§ **Activity**
Everything from the line containing "Le Duel Tragique de PAUL-ROBERT" through the line containing "Шляпка Федора Белый" should be repeated exactly, and nothing else from the data.

§ **Records**
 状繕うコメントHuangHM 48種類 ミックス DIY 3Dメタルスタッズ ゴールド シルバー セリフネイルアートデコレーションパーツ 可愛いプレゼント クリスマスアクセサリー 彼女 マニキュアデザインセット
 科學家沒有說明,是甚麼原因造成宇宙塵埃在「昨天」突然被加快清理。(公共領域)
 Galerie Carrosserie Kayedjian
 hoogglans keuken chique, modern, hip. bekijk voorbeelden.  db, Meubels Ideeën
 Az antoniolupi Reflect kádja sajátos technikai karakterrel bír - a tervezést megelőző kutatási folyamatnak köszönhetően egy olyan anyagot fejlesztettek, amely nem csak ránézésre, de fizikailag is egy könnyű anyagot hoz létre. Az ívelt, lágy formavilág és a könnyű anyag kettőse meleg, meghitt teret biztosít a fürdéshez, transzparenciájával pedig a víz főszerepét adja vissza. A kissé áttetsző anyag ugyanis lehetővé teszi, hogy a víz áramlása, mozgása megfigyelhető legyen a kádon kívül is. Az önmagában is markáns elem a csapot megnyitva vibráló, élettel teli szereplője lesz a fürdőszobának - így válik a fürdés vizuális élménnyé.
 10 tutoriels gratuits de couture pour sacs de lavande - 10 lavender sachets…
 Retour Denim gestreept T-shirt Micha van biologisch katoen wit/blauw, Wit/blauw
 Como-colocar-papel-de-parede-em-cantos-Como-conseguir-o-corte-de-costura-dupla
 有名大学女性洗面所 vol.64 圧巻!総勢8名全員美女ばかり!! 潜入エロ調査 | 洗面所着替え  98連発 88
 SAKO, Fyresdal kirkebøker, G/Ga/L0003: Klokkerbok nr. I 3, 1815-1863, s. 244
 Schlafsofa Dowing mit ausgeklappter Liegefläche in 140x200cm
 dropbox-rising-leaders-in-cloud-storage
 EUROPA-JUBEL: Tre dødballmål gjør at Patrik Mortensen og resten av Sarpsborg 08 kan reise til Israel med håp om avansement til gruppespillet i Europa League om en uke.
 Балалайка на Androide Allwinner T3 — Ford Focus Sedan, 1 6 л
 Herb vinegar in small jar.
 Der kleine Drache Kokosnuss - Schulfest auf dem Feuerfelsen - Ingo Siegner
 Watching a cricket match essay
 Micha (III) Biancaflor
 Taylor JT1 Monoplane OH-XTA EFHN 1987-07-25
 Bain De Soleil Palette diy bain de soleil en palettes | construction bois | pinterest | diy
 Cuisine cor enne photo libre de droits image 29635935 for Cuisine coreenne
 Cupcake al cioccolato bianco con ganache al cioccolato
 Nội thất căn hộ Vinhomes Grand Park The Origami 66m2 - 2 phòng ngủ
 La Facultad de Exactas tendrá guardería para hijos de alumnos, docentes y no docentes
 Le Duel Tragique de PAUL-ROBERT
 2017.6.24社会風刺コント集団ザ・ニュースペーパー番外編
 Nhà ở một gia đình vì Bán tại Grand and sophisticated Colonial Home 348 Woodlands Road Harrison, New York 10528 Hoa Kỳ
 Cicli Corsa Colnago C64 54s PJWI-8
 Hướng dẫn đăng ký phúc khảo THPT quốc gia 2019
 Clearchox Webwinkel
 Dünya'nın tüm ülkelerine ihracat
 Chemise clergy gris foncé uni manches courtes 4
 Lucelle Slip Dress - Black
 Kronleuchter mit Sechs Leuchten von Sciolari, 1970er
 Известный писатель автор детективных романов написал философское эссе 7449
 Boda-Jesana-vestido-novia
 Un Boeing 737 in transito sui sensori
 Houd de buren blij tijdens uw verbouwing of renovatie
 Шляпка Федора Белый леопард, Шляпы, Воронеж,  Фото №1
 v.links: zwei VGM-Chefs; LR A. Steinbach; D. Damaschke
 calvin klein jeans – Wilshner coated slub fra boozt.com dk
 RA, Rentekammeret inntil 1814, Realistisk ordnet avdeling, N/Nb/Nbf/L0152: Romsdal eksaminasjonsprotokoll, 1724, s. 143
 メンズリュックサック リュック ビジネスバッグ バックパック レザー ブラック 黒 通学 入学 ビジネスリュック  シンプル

§ **Response**
 Le Duel Tragique de PAUL-ROBERT
 2017.6.24社会風刺コント集団ザ・ニュースペーパー番外編
 Nhà ở một gia đình vì Bán tại Grand and sophisticated Colonial Home 348 Woodlands Road Harrison, New York 10528 Hoa Kỳ
 Cicli Corsa Colnago C64 54s PJWI-8
 Hướng dẫn đăng ký phúc khảo THPT quốc gia 2019
 Clearchox Webwinkel
 Dünya'nın tüm ülkelerine ihracat
 Chemise clergy gris foncé uni manches courtes 4
 Lucelle Slip Dress - Black
 Kronleuchter mit Sechs Leuchten von Sciolari, 1970er
 Известный писатель автор детективных романов написал философское эссе 7449
 Boda-Jesana-vestido-novia
 Un Boeing 737 in transito sui sensori
 Houd de buren blij tijdens uw verbouwing of renovatie
 Шляпка Федора Белый леопард, Шляпы, Воронеж,  Фото №1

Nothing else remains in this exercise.